[Data to use Boundary: Start]

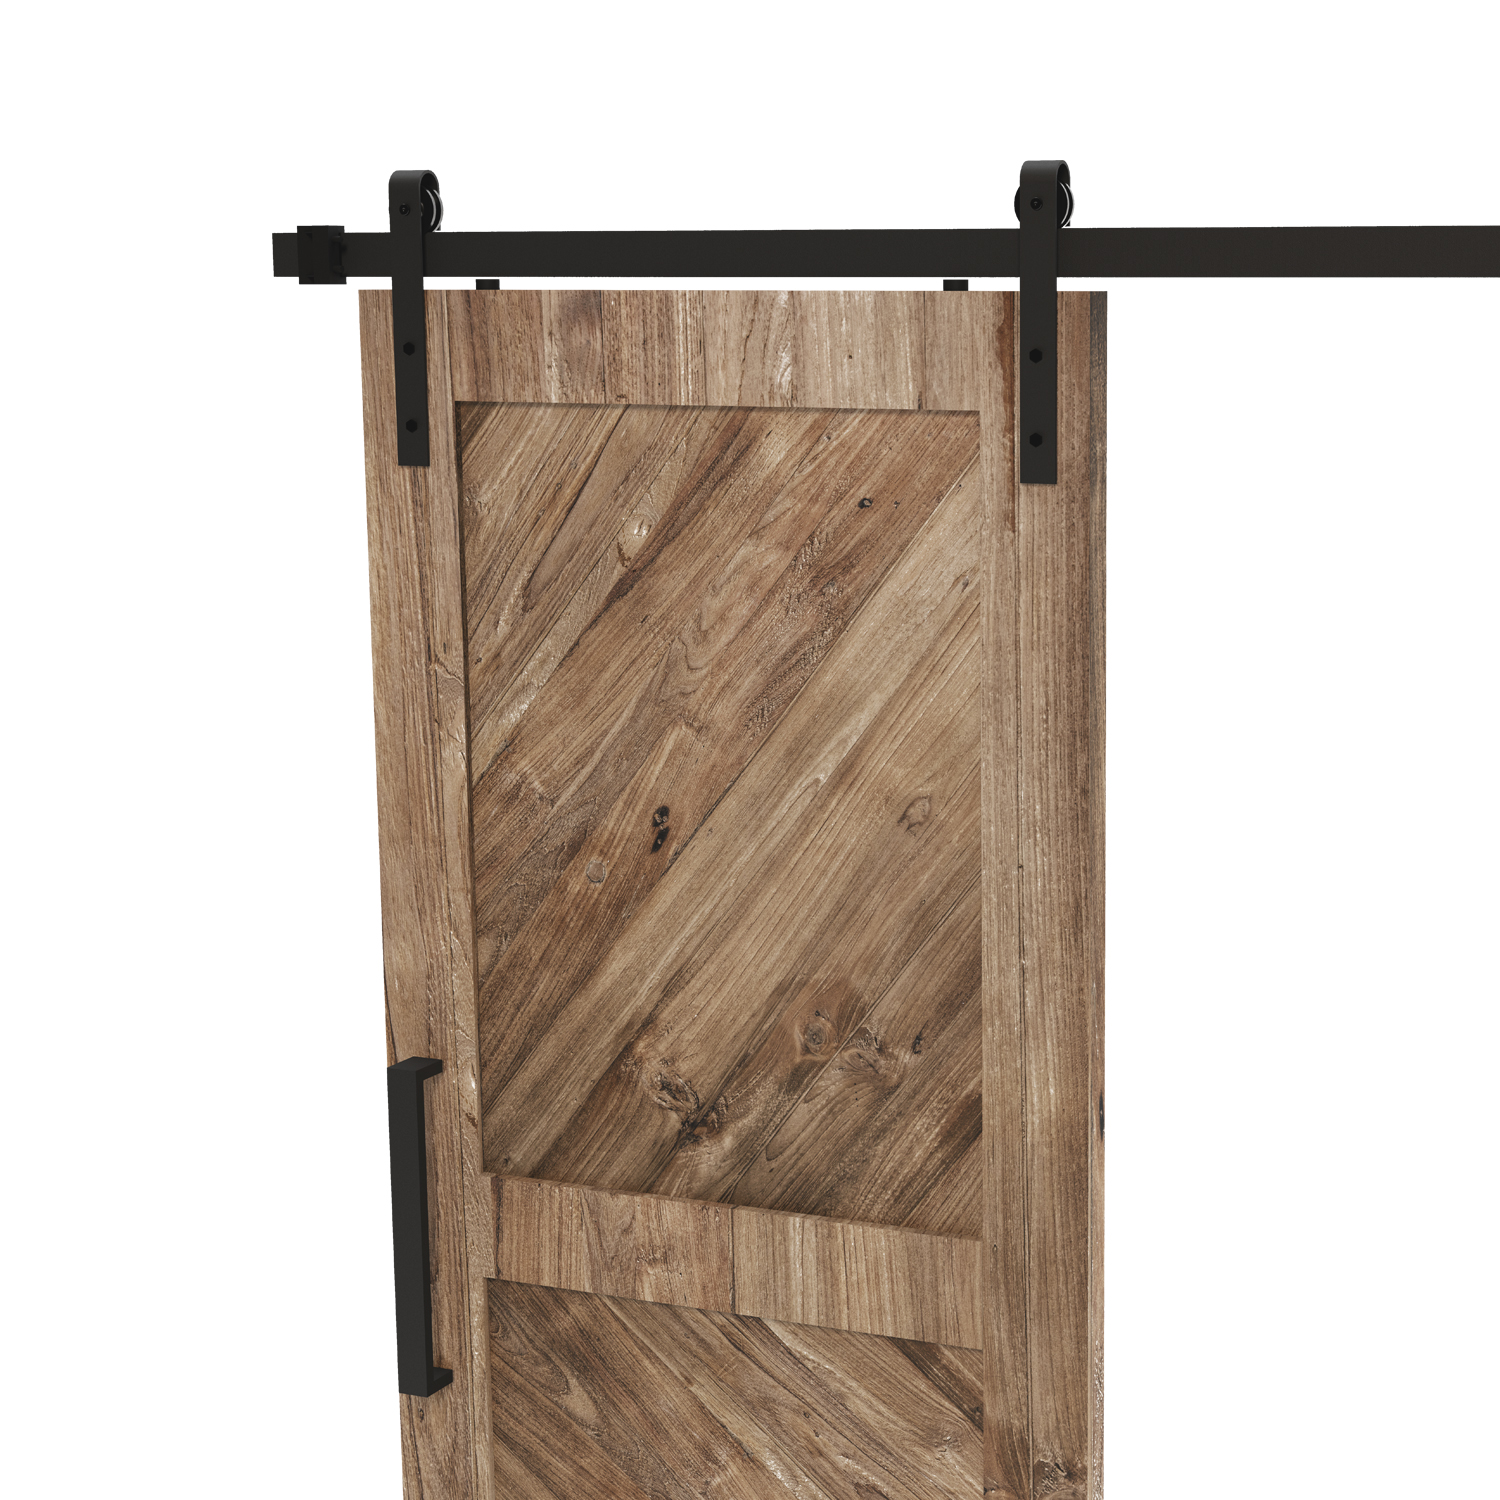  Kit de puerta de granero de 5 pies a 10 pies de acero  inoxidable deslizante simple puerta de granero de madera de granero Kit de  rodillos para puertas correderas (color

[Data to use Boundary: End]
[Data to use Boundary: Start]

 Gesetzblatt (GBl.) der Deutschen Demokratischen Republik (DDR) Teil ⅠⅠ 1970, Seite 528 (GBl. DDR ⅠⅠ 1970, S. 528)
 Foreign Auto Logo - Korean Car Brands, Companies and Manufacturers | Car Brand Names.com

[Data to use Boundary: End]
[Data to use Boundary: Start]

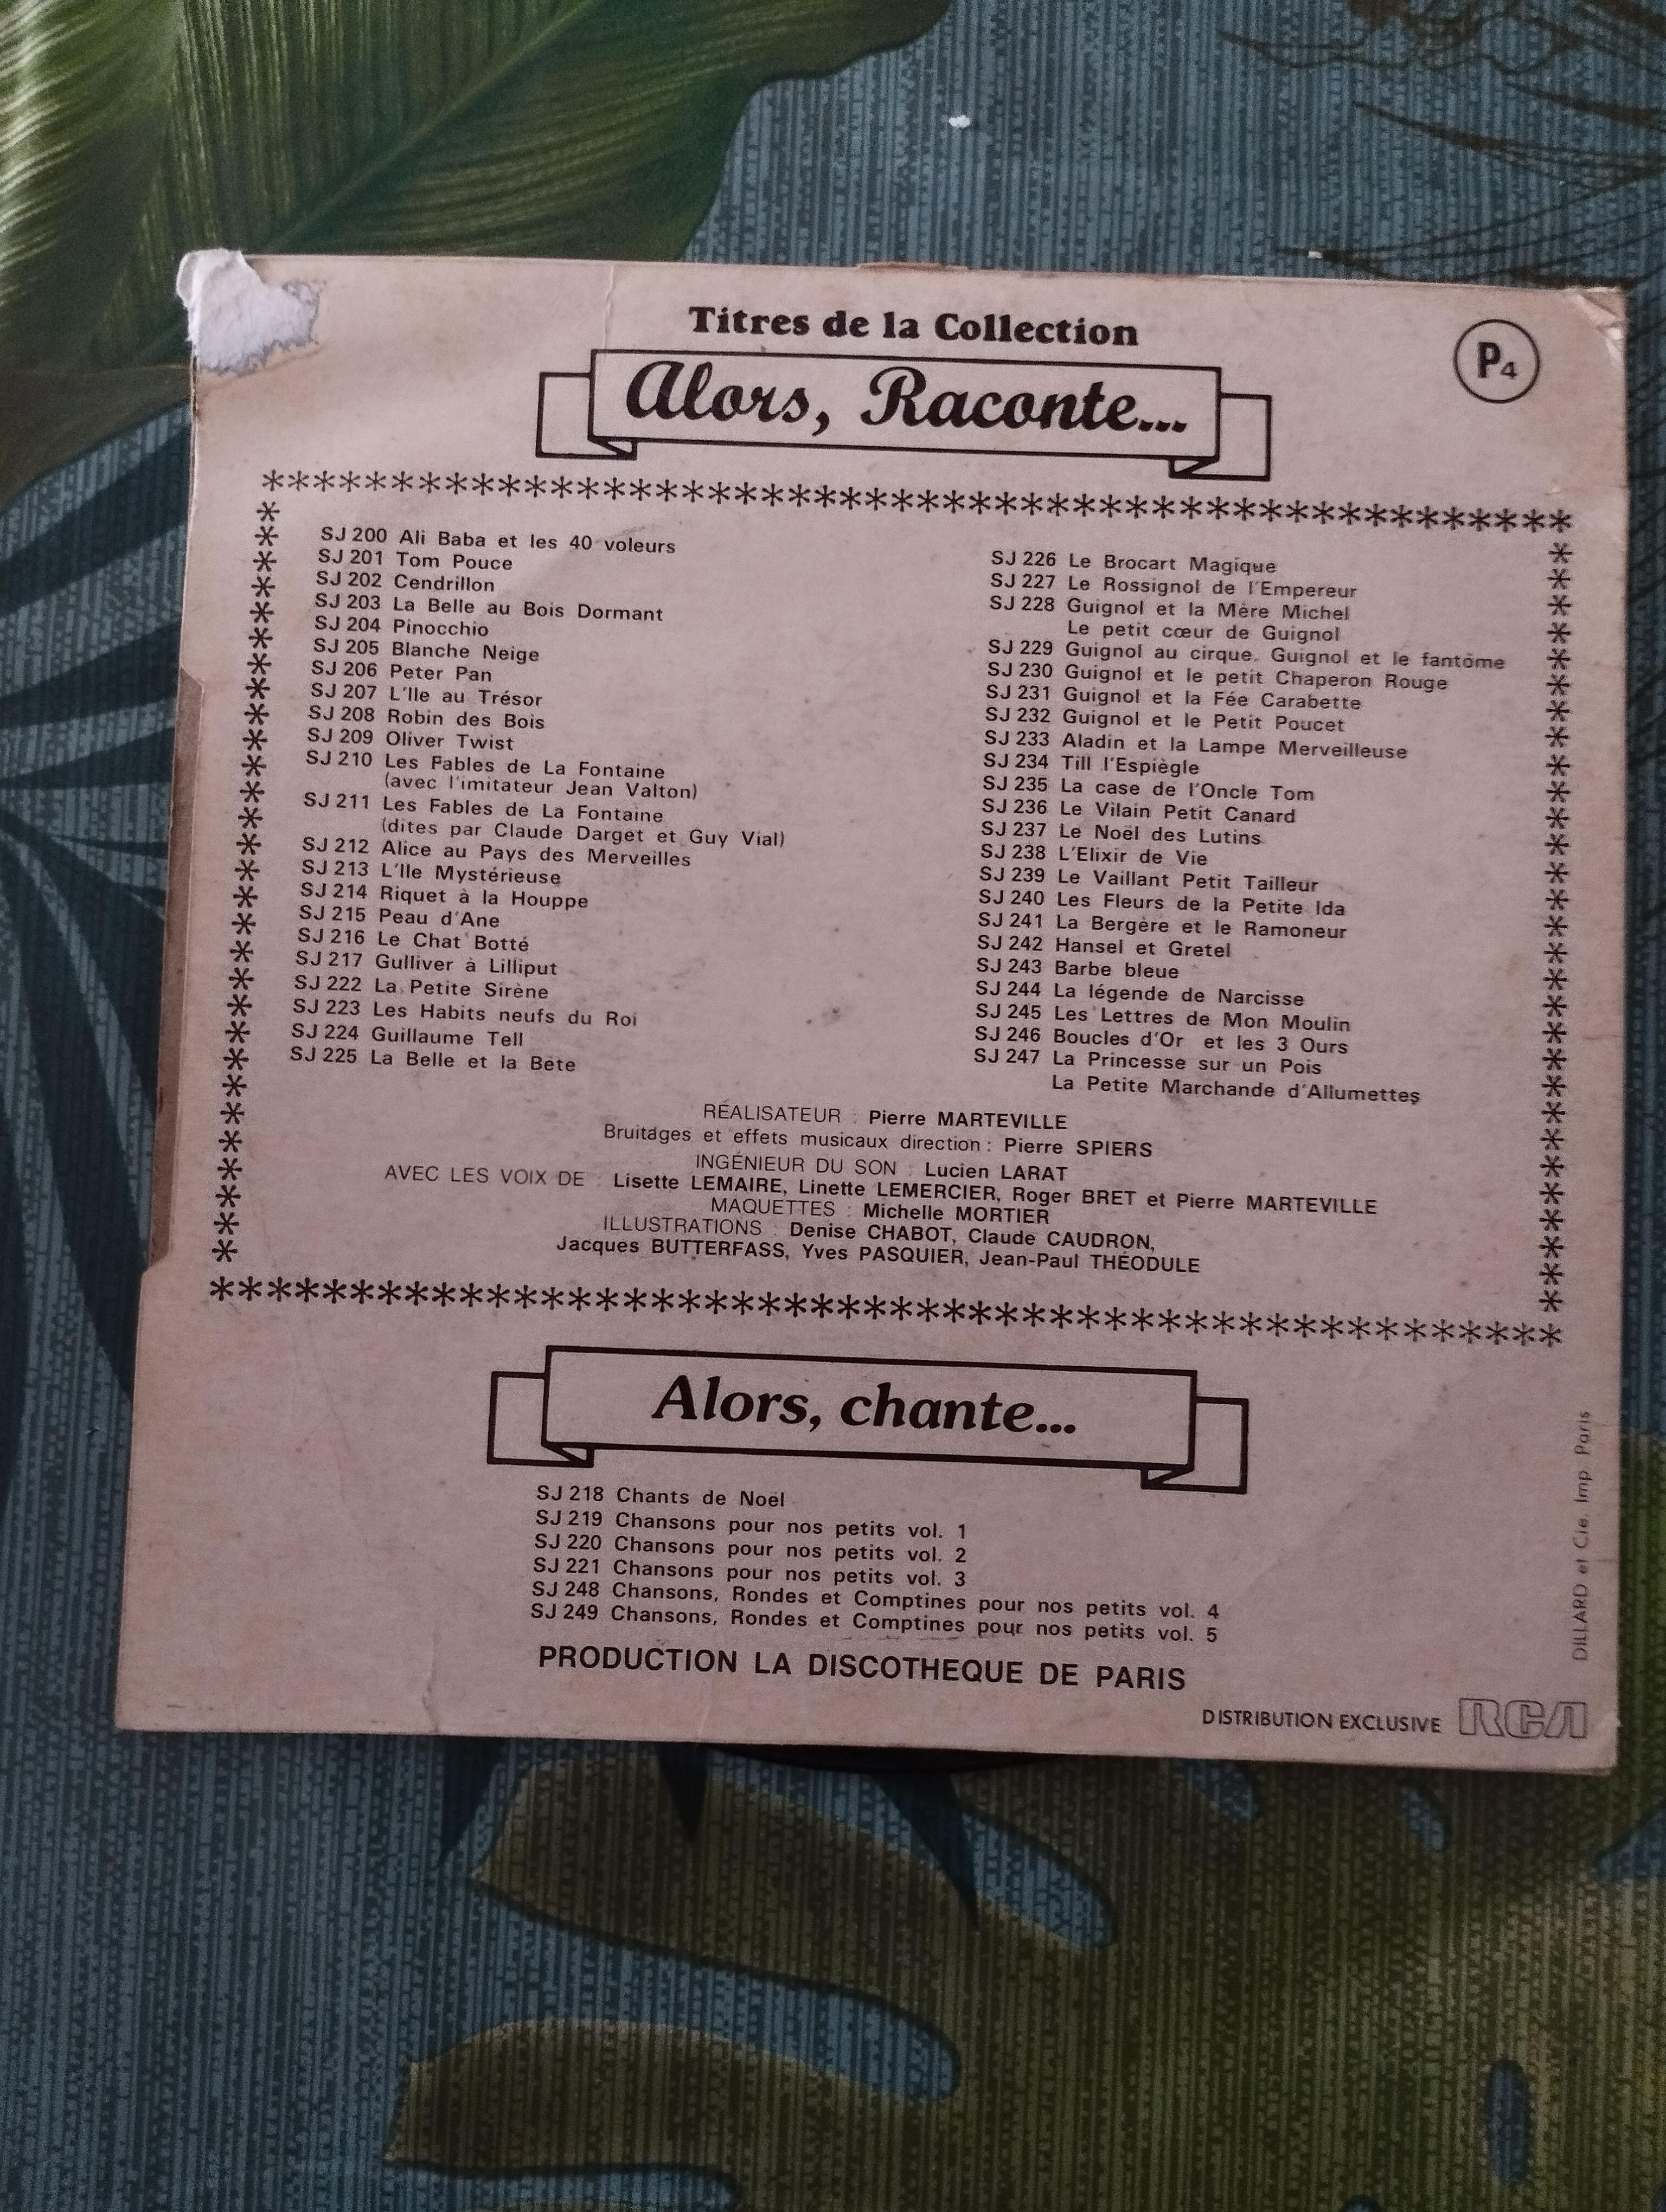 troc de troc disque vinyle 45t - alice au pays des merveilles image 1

[Data to use Boundary: End]

Exercise prompt: In the data above, which lines lie between the line with "Gesetzblatt (GBl.) der" and the line with "Foreign Auto Logo", inclusive? Print those lines exactly and nothing else.

Output of the exercise:
 Gesetzblatt (GBl.) der Deutschen Demokratischen Republik (DDR) Teil ⅠⅠ 1970, Seite 528 (GBl. DDR ⅠⅠ 1970, S. 528)
 Foreign Auto Logo - Korean Car Brands, Companies and Manufacturers | Car Brand Names.com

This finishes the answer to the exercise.